HONG KONG – In China, even aspiring singers and would-be comedians bow to constant and automatic online surveillance.
The country’s largest “social video” websites — where viewers debate and reward their favorite karaoke ditties and comic routines — operate under severe yet hazy censorship policies that grant them broad leeway in deciding what content to block, according to a study co-led by Citizen Lab.
Researchers at the University of Toronto unit and the University of New Mexico reverse-engineered applications YY Inc., Tian Ge Interactive Holdings’ 9158.com and Sina Show, and Guagua.cn, which together serve over 100 million people.
They discovered that the YouTube-like services monitor thousands of words and phrases and scrub private messages. Vague policies governing the Internet — coupled with the threat of penalties like license revocation — mean social media services are forced to take matters into their own hands, they said.
The findings illustrate the autonomy with which services self-censor to comply with broad government guidelines.
“This research suggests that even though there’s a lot of pressure to implement censorship, there isn’t much detail on how they should do it,” said Masashi Nishihata, one of the researchers. “So it leaves these companies up to themselves on how to do it, out of some vague fear of fines from the government or reprisal.”
Researchers pored over a data set of 42 word lists and 17,547 keywords or phrases.
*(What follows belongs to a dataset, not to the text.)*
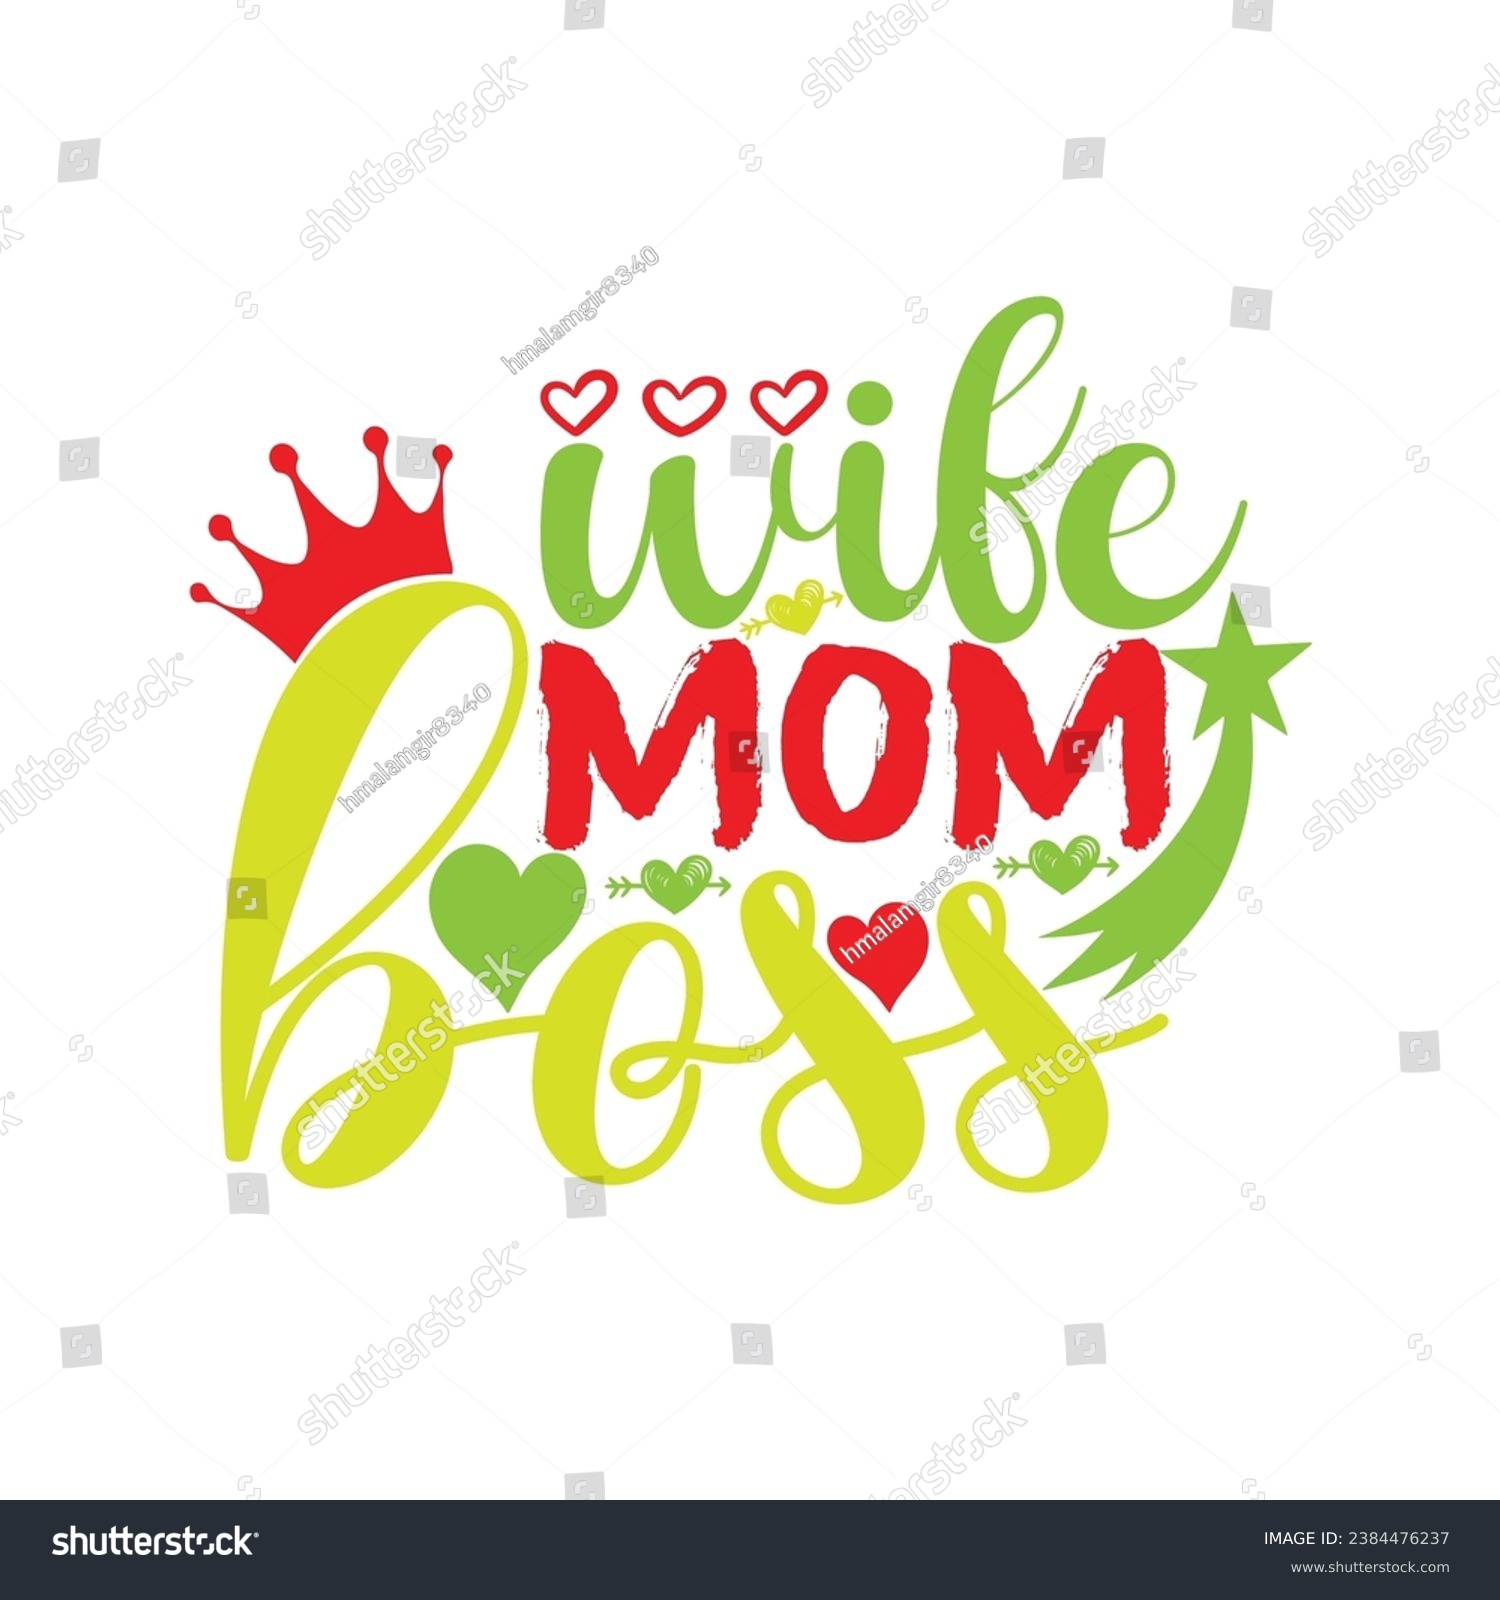 SVG of Wife mom boss t-shirt design. Here You Can find and Buy t-Shirt Design. Digital Files for yourself, friends and family, or anyone who supports your Special Day and Occasions. svg

The lists shared little common ground, dispelling the notion of a “monolithic” set of regulations.
Unlike YouTube’s library of professional and home-made videos, the quartet of websites are venues for amateur singers, comedians and even virtual teachers. Viewers discuss their merits on forums and reward performers by buying and sending virtual roses. YY said it had 117 million active users at the end of March.
They block posts or messages at the client or software level, rather than at a national-level Internet firewall. Researchers were thus able to extract complete databases of censored words and work out the precise time new phrases were added, Nishihata said.
The keywords that the websites look out for range from the expected, such as Tiananmen and 1989, the year of the bloody crackdown on the central Beijing square, to the more obscure.
For instance, the services zeroed in on “Steamed Bun Xi,” an allusion to a widely circulated photo of Chinese leader Xi Jinping partaking of the savory snack, an event that was criticized as political theater.
YY pounced on “thetankmen,” a reference to the iconic image of a lone man halting a line of armored vehicles during the Tiananmen Square massacre. Sina Show’s list included “Jasmine,” a reference to the pro-democracy movement of 2011 that could also stymie many innocent messages.
None of the four websites responded to requests for comment. The Cybersecurity Administration of China didn’t immediately respond to a faxed request for comment.
“The popularity of social video platforms, the diversity of real-time media content, and the virtual goods business model puts these platforms under particular pressure to monitor and manage user activity,” the researchers said.
China keeps a close eye on its 668 million Internet users, the world’s largest Web population. The government pays particular heed to social media, blocking Facebook and Google Inc.’s mail and search services, as well as YouTube. In the latest move to tighten its grip, the government announced plans to set up “network security offices” staffed by police at major Internet companies, Xinhua News Agency reported.
Despite limited overlap, the themes all four focused on included social issues, criticism of the government and collective action, the study showed. Other common topics included the banned spiritual movement Falun Gong, words related to a Uighur separatist movement, and senior officials such as Xi.
Like YouTube, the four video platforms employ terms of service that spell out what’s permissible.
For instance, YY and Sina Show will block posts containing certain banned words, sometimes along with a pop-up warning, sometimes not. The intended recipients are usually told that an incoming message was censored, the study found.
Researchers also discovered that, on YY and 9158 for instance, some sensitive phrases are replaced with asterisks.
Censors look beyond just social video sites. Services that stream paid content such as Sohu.com and Baidu’s IQiyi, previously left to police themselves, are now said to be required to submit full seasons or episodes for approval.
Last year, four U.S. shows, including “The Big Bang Theory” and “The Good Wife,” were removed from Chinese video sites.
“These results show there is no monolithic set of rules that govern how information controls are implemented in China,” the researchers said in their study.